ルセンティス注射後は経過を診ていましたが、1年後に再発した画像です。
ルセンティス治療後
再発後、3回のルセンティス治療を経て、現在に至ります。網膜が薄くなり視力を司どる視細胞内節外節接合部であるIS/OSラインが欠損しているため、現在の視力は0.2です。

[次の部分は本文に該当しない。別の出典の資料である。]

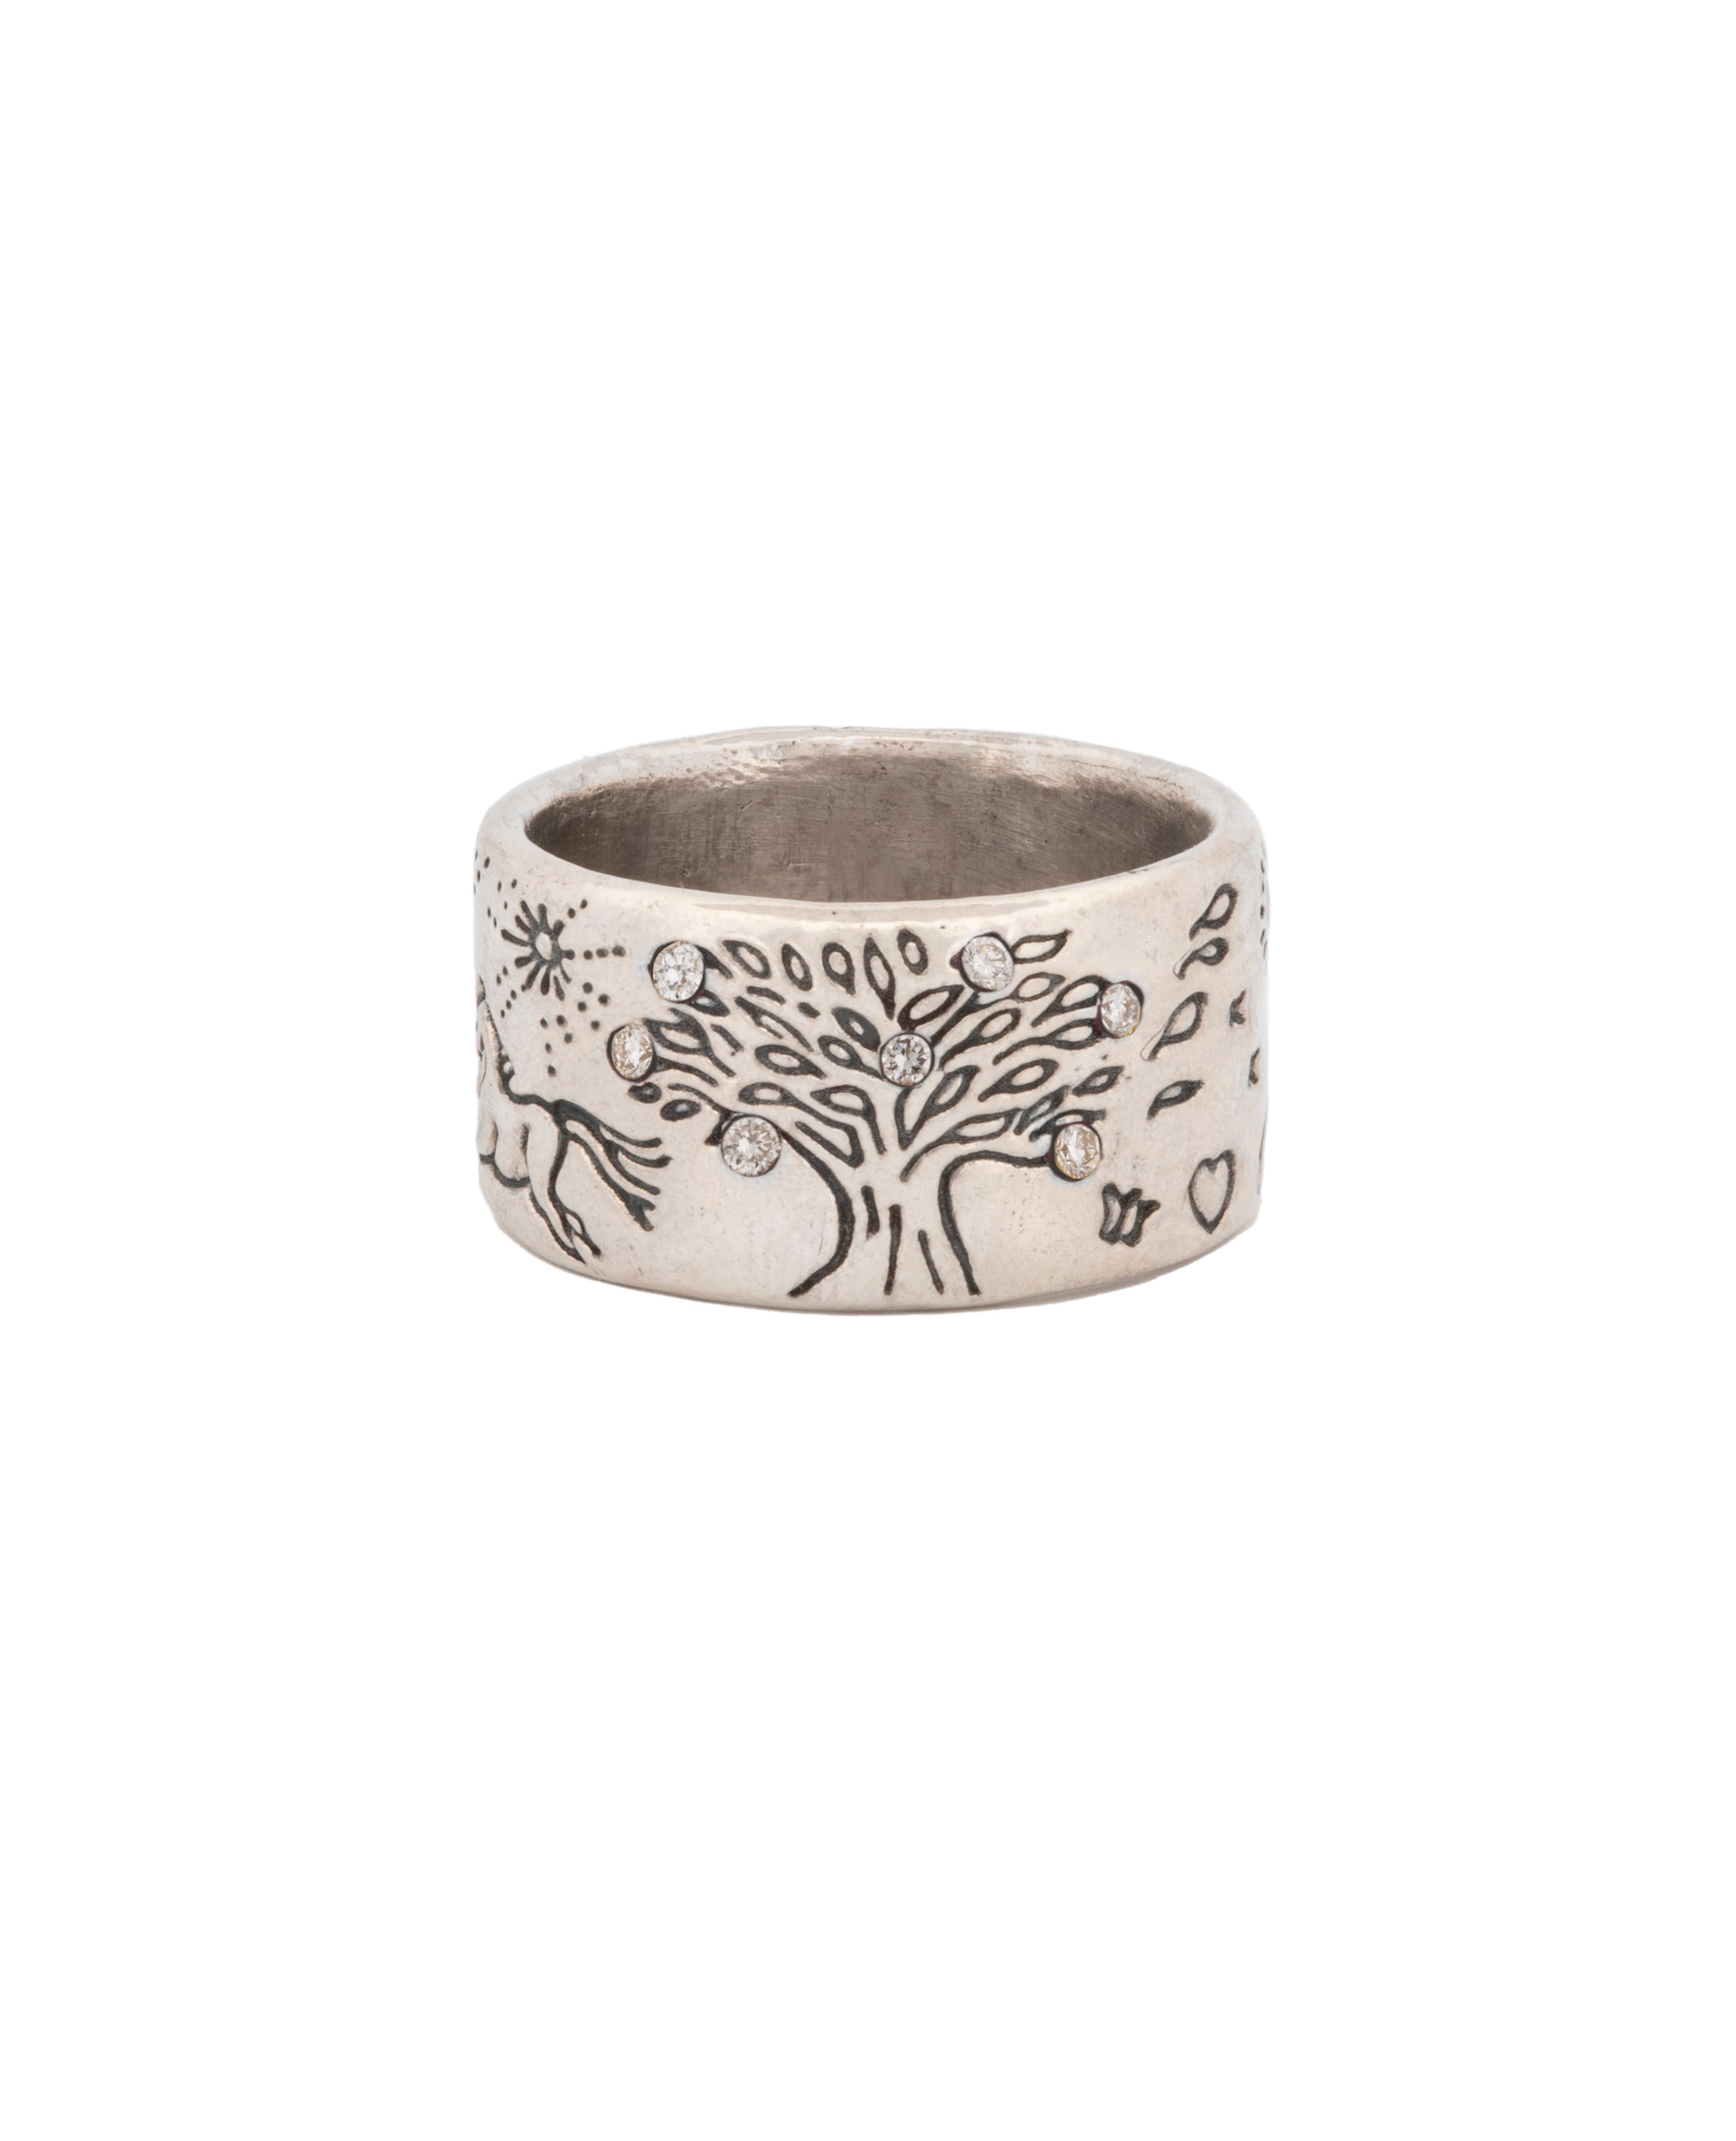 The Mighty Oak Ring

加齢黄斑変性症から視力の低下を防ぐには、早期発見が重要になります。早期に発見できれば、効果的な治療を行うことができ、視力・視野の維持改善の可能性も高くなります。
症例2
この画像も加齢黄斑変性と診断された患者さんの初診時の網膜の断層像と蛍光眼底造影写真(右)です。この患者さんの網膜の中央部分に水がたまっており、初診時の視力は0.5でした。
ルセンティス治療後
3回のルセンティス治療後、網膜の浮腫が軽度残存しているが、IS/OSラインが障害されていないため、視力も1.0と回復しました。
抗血管新生薬療法(こうけっかんしんせいやくりょうほう)
体の中には、脈絡膜新生血管の成長を活発化させるVEGF(ブイイージエフ)(血管内皮増殖因子(けっかんないひぞうしょくいんし))という物質があります。抗血管新生薬療法は、このⅤEGFの働きを抑える薬剤を眼内に注射することにより新生血管の増殖や成長を抑制する治療法です。